Nobody makes this assumption, though (well, except for the sake of argument). There's no reason to assume the opposite either. Science works by formulating a hypothesis and testing it.
Here's the thing... traits some in collections. Mongoloid or African American are words that describe a collection of physical traits.
Black people will have darker skin AND frizzy hair. Asians have asian eyes AND black hair. This is proof that traits are inherited in collective groups.
You are stating by certain magic these collections of physical traits that describe an asian or a caucasian magically only correlate with other physical traits. So in a sense, for asians: Black hair correlates with asian eyes but these traits can absolutely never ever correlate with anything related to intelligence and behavior.
What is the mechanism in genetics that deliberately demarcates physical traits from behavioral traits? What causes social traits to be totally random while physical traits come correlated with one another? I think it is more logical to conclude that there is no mechanism that does this.
Please note that I am well versed in the theory you present. It is often used as a scientific basis for racial equality. I agree with the intent of the theory but I disagree with it as a practical truth. Life is just unfair. Anyway, the theory does address a valid point but here's why I think it's wrong:
I think searching for genetic markers at the molecular level doesn't yield results because behavioral and physical traits are abstractions on top of DNA.
Imagine two programs, one written in C++, the other in Haskell.
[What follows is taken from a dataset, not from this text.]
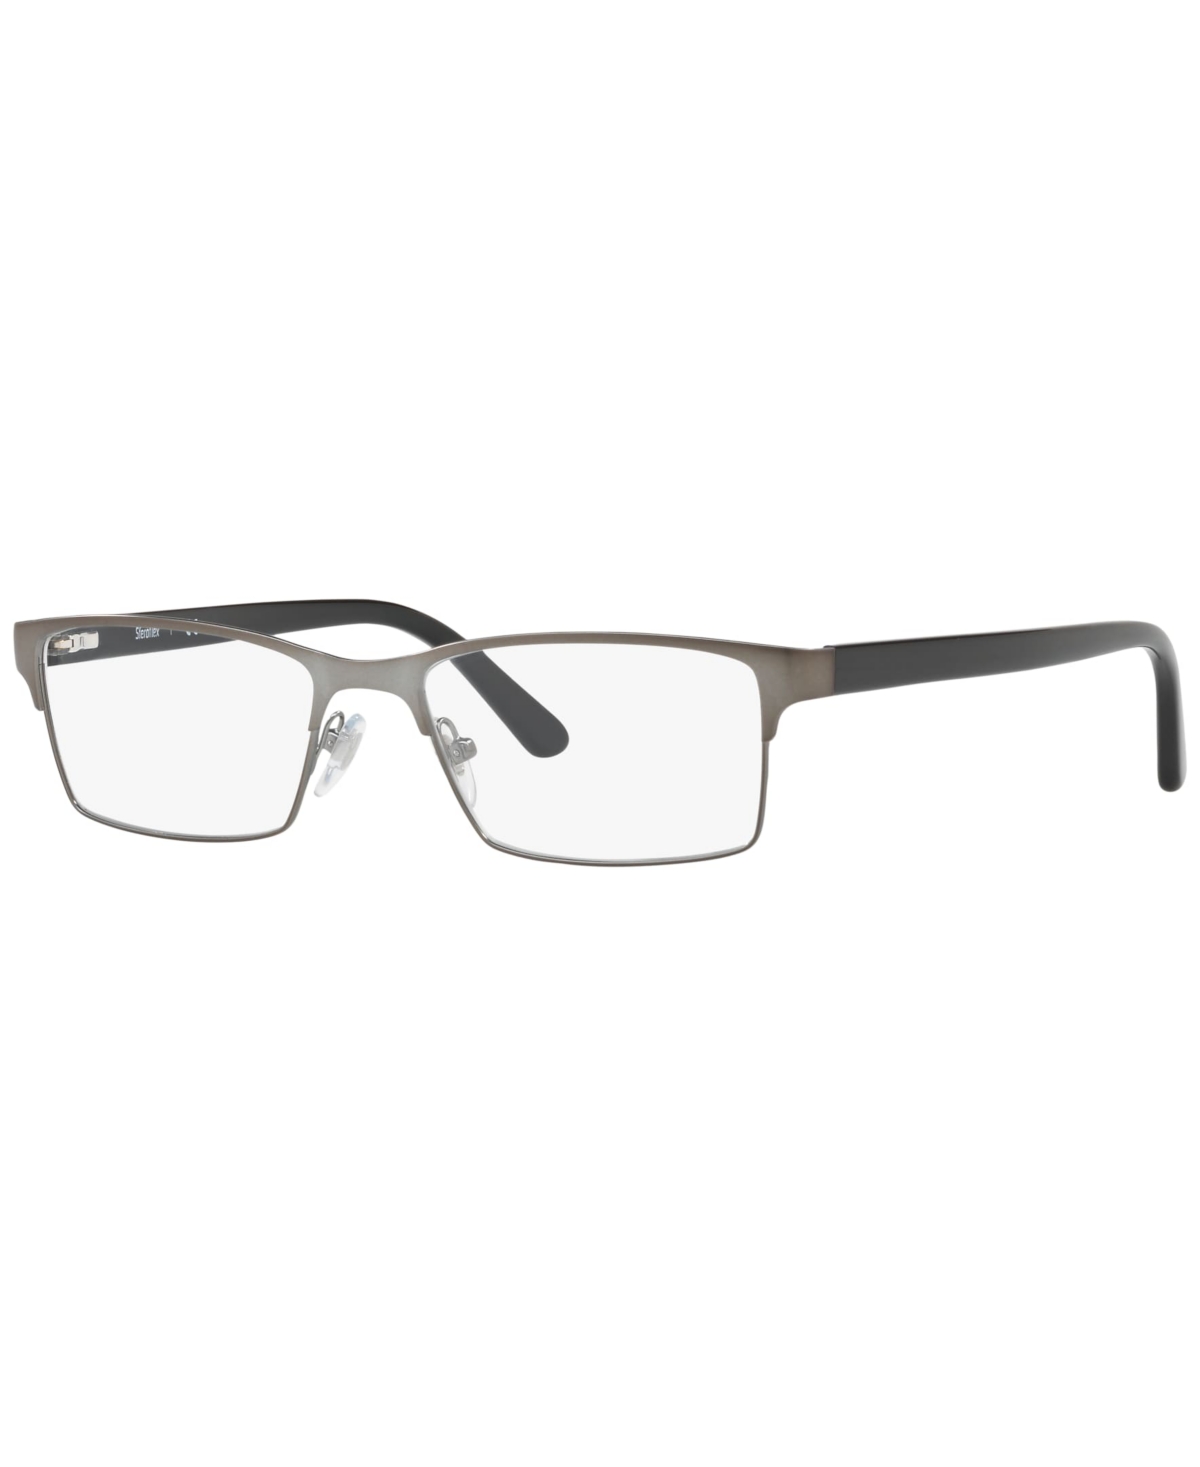 Steroflex Men's Eyeglasses, SF2289 - Matte Gunmetal

Both programs have the same behavior... let's say they both return the derivative of an expression. If you analyze the source code for correlations without completely understanding it (largely the way we analyze DNA today) you will find that the languages are completely uncorrelated. Both are totally different in style, structure and syntax. This occurs even though the surface behavior (finding the derivative of an expression) is exactly identical. This is what I believe is happening with the DNA. You cannot find correlations with race because the correlations only occur at a higher level of abstraction not in the source code.
You can talk about red and blue balls all you want, but what matters is the real world. It's not inconceivable that like there are physical differences between the races, that there can be other differences as well. Refusing to see this isn't reasonable.
This doesn't follow. It becomes more clear why if you put it in more abstract terms. Take a bunch of balls, half red, half blue. Now assume some half of these balls are heavy (say 10lbs) and some half are light (say 2 lbs). Assume the balls have a bunch of other characteristics this way. Now what you're saying is that if we know a ball is e.g. Red, we can conclude something about the probability that it's e.g. heavy. Clearly that's not the case, why would it be? Unless you just assume a priori that the characteristics are distributed in a way that's correlated with ball color, there's no reason we should think there's an association between color and e.g. weight.